As part of this I work up a full drum track.

So by now I have a full mix of everything that's going into the final song, usually about four to eight tracks of guitar, one bass, two lead vocals, four to eight backing vocals, drums, percussion, and sometimes strings.

Then, horror of horrors, I delete all the scratch audio (or just mute it) and start tracking the final audio.

This sounds long winded but it actually saves me time because I only have to take real care in tracking the final stuff, which is always far less than what I put down in the scratch version, and I often find that what I'm playing changes once I'm hearing it in context.

Sometimes a scratch audio track makes it through to the final mix but it's rare. Most often it will be a solo that I've gotten used to and don't feel confident about replicating.

Midi tracks get refined but often I'll play them again anyway just for the hell of it.

The advantage of this is that when you come to do the final tracking, you are always playing with a fully worked out arrangement, including a finished rhythm track. My final tracking takes a couple of hours max because I know *exactly* what I'm gonna be playing and singing.
posted by unSane at 6:20 PM on November 1, 2010 [1 favorite]

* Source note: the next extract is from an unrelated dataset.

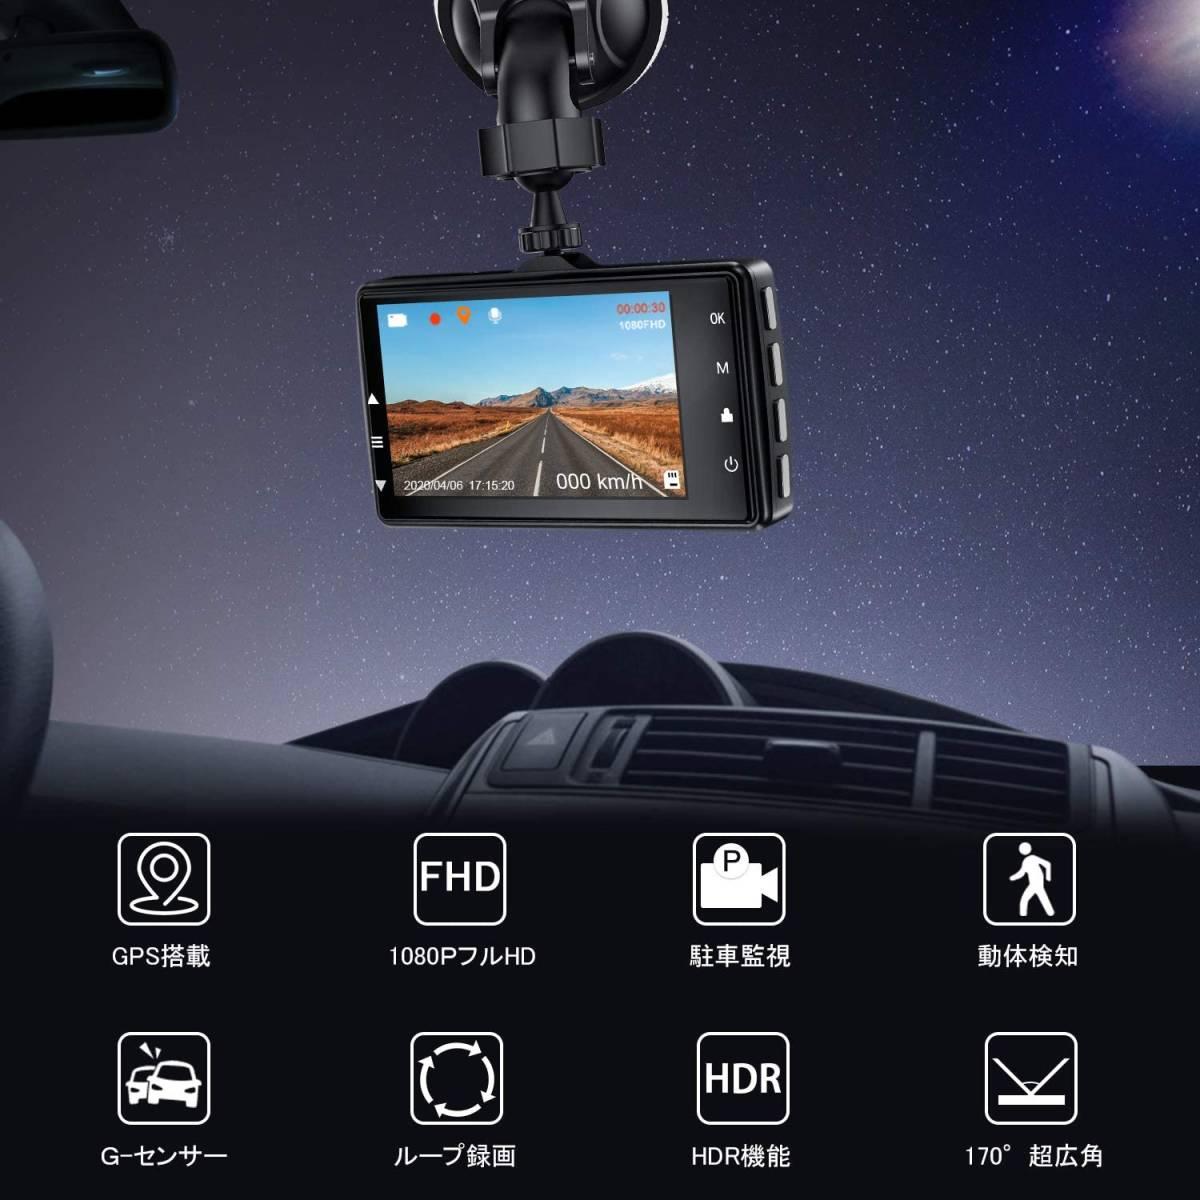 【2021進化版&GPS搭載&前後カメラ】.ドライブレコーダー 前後カメラ1080PフルHD 3.0インチ高画質 170度広角視野 常時録画 Gセンサー_画像4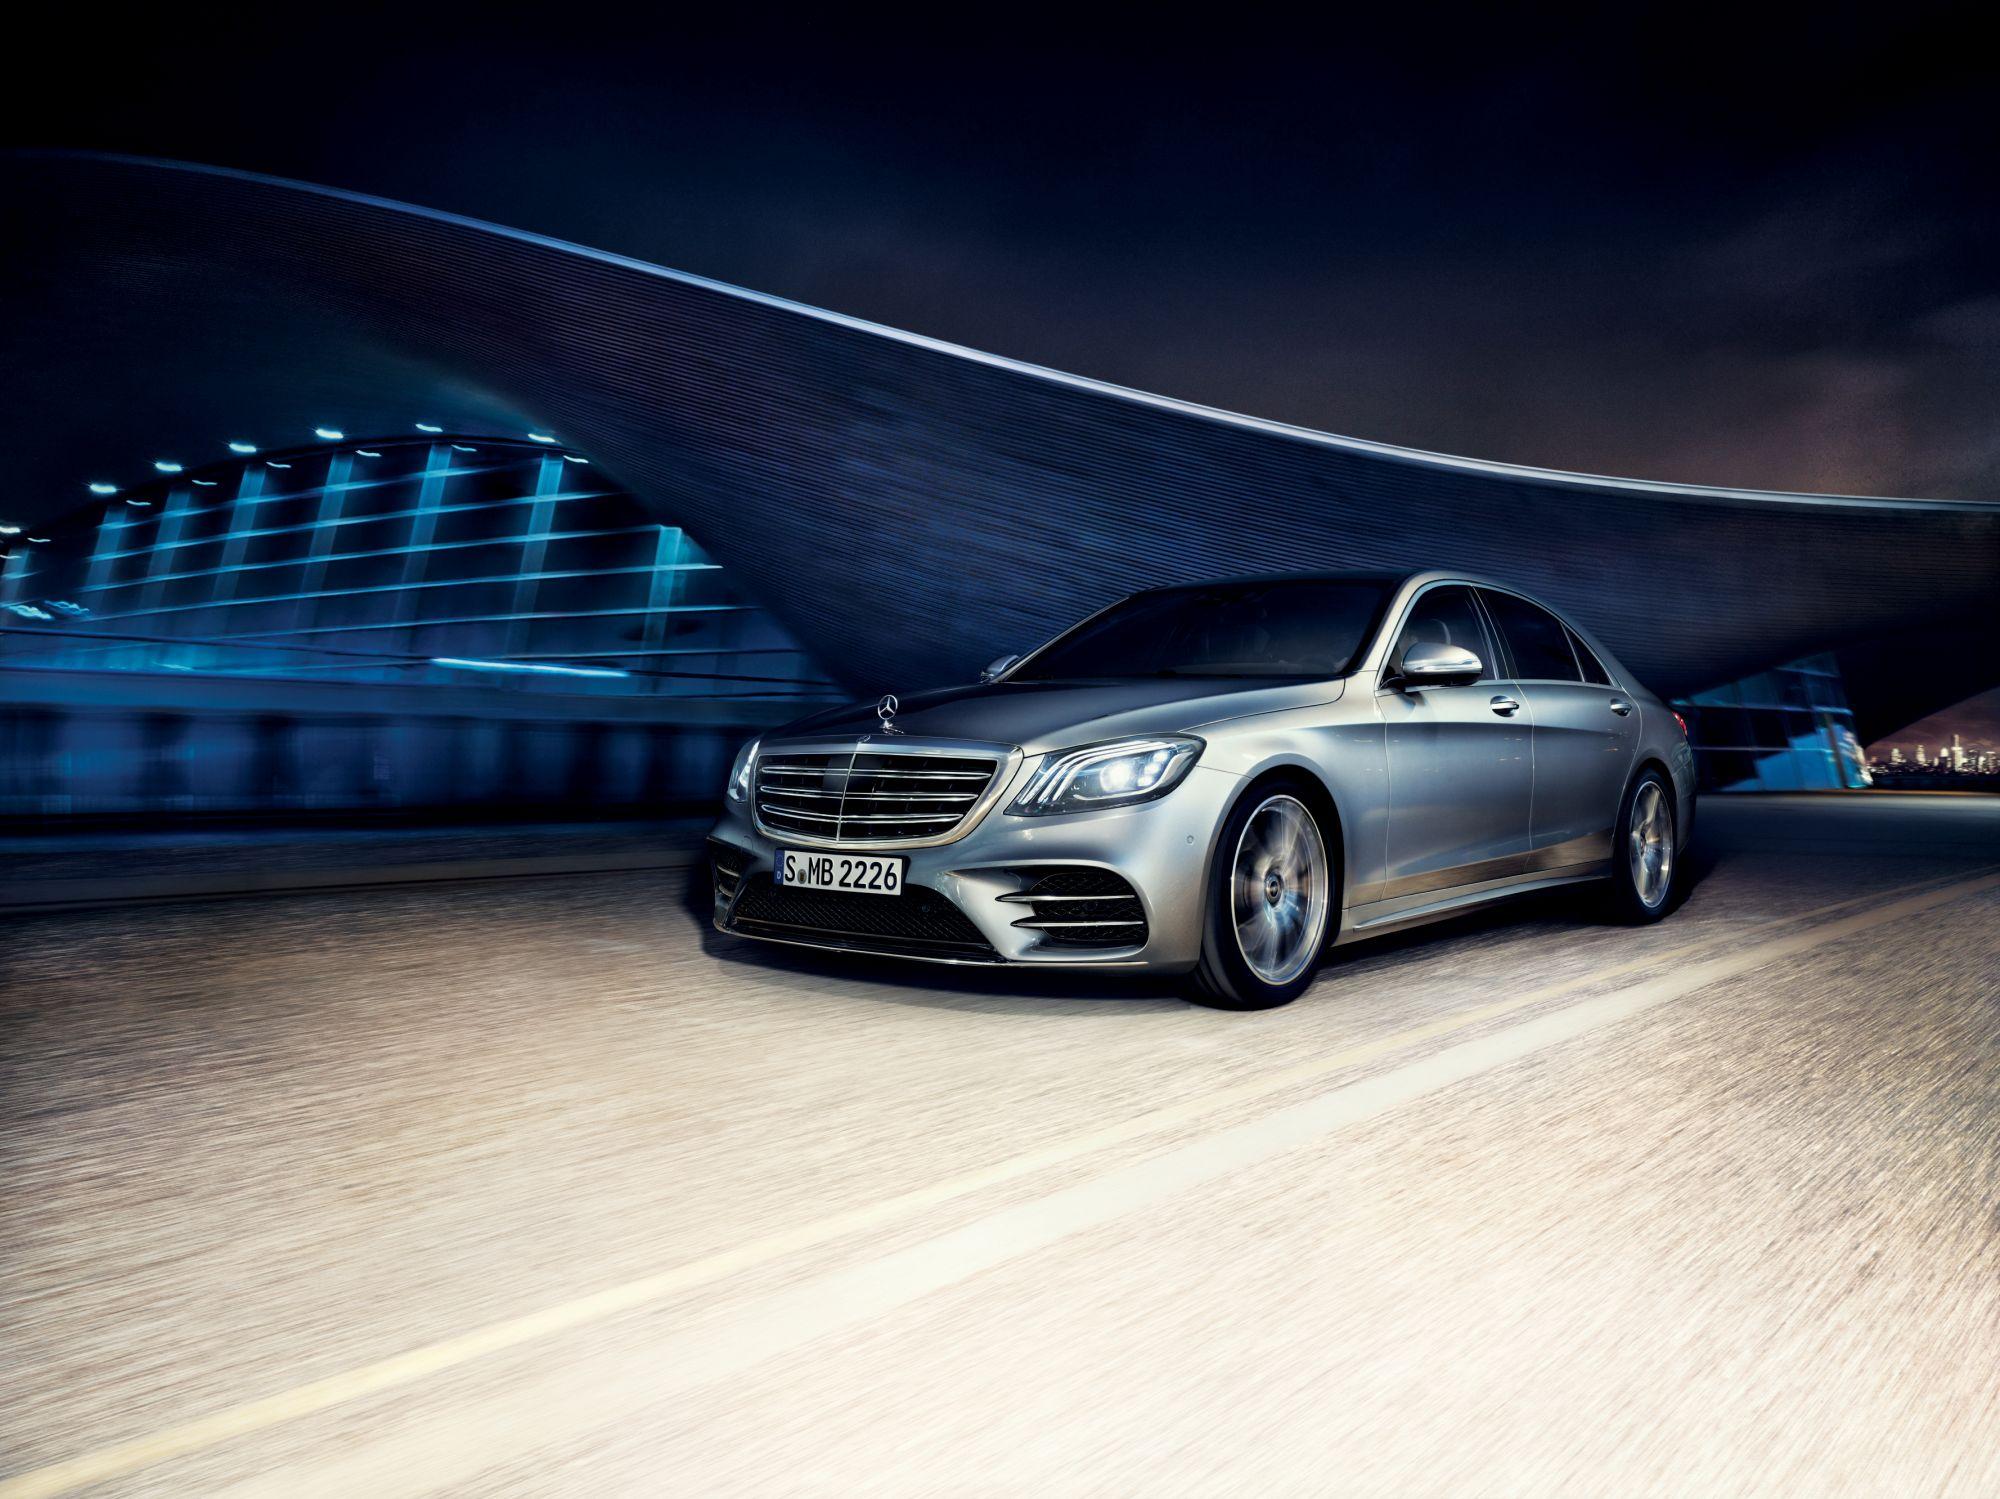 True Grit: The 2018 Mercedes Benz S-Class

Oh, yeah, and the reason I do it this way is that from long experience I know that I simply cannot get the song to where I want it to be in one pass. I can get it about 90% there, but I always want to edit the arrangement or change some little bit someplace. Doing everything scratch means I can do it fast an not worry if I clip something or fluff something. There is nothing more frustrating than sweating over tracking a difficult part, only to find you have to redo it because you changed the arrangement. I know it should be as simple as dropping it in, but it never works like that for me.
posted by unSane at 6:44 PM on November 1, 2010


PS if you want to do it the fast way without my convoluted approach, start with a click or a basic beat, then lay down a scratch guitar/vocal track, then a bass track, THEN do the rhythm track (you absolutely need the bass track to get the kick drum right), then start tracking for real.
posted by unSane at 7:25 PM on November 1, 2010


great, thank you for all the details unsane. I'm excited to try again tonight and see if I can come up with a process that works. one of these days I'll have something to actually post on mefi music.
posted by Post-it Goat at 10:11 AM on November 2, 2010


post it anyway man - we don't bite.
posted by MajorDundee at 12:07 PM on November 2, 2010


Well...gotta get more than 20 seconds recorded first. :)
posted by Post-it Goat at 1:22 PM on November 2, 2010


Most of the time my approach is pretty much what InfidelZombie said up top: I lay down a metronome track, record a scratch track against that (either vox and guitar or a piano track, whichever is going to be more useful for me when I'm drumming, often with me shouting out changes ahead of time too if the arrangement isn't already totally totally drilled into my head), record drums against those, and then rip out the scratch track whenever I'm moving on to replacing it with the real instrumentation and vocals.
posted by cortex at 12:26 PM on November 3, 2010


last night was pretty successful. I ditched the idea of recording the whole drum track and just did a few bars, then copy/pasted them for a few minutes. after that I "sang" the vocals and some of the guitar parts to get an idea of where everything was supposed to go. then I was able to pretty quickly put in some actual rough instruments and didn't have much trouble figuring out when to stop and start. I figure I'll redo just about everything I did but since the rough guides are there it should be no problem. so, that was about 100 times smarter than what I was trying before. the key for me was copy/pasting the drums and putting down a vocal track, which hadn't occurred to me because I can't sing at all, but it really helped. so thanks again!